Thank you...it is "in" the ventricular free wall. Thank you so much
 
Pericardium is another sac that's not shown in the picture. You need to open your anatomy book and think of these vocabularies in layers. Honestly, the concept isn't hard. It's the thought that the pericardium is another sac that escapes people mind and makes cardiology complicated.
Thank you so much!
 
For demonstration.

Free wall rupture does not cause pericardial rupture so you wouldn't have intrathoracic free fluid.
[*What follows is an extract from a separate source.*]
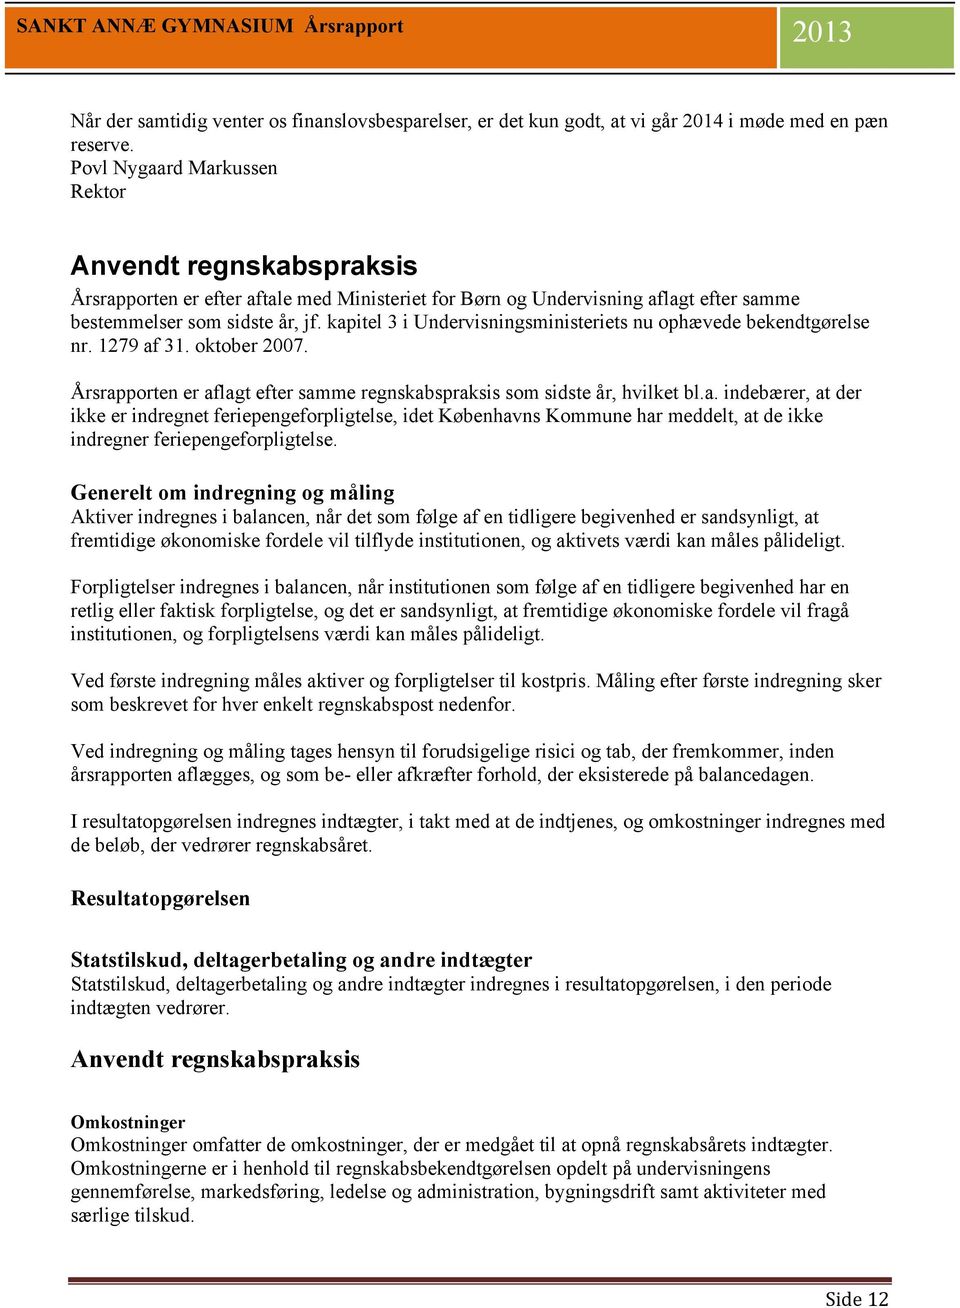 kapitel 3 i Undervisningsministeriets nu ophævede bekendtgørelse nr. 1279 af 31. oktober 2007. Årsrapporten er aflagt efter samme regnskabspraksis som sidste år, hvilket bl.a. indebærer, at der ikke er indregnet feriepengeforpligtelse, idet Københavns Kommune har meddelt, at de ikke indregner feriepengeforpligtelse.

The fluid will be contained within the pericardium causing near immediate tamponade. Tamponade is all about the rate of fluid accumulation and not amount.
Thank you so much!
 
Agreed, there's no reason to think that the pericardium would rupture as a result of an MI. With the caveat that this is definitely not my specialty, it seems like the major blood supply to the pericardium is via the pericardiophrenic artery, a branch of the internal thoracic artery. Coronary arteries have a minor contribution, if at all.
Thank you so much
 
Thank you so much.

Ok. Yes. I’m having some fun at your confusion. I can’t say I was never confused as a student. Or a resident. Or a fellow. Or even as an attending. The things you get confused about change of course. Keep up the good fight. It does get better.
 
OP: I've never heard of the pericardium rupturing from blown out myocardium.
The pericardium is pretty tough, it takes a good bit of force to rip it by hand.
You can get tamponade from penetrating trauma, which might be difficult to aspirate if the pooling clots.
Patient crashes, then time to open the chest.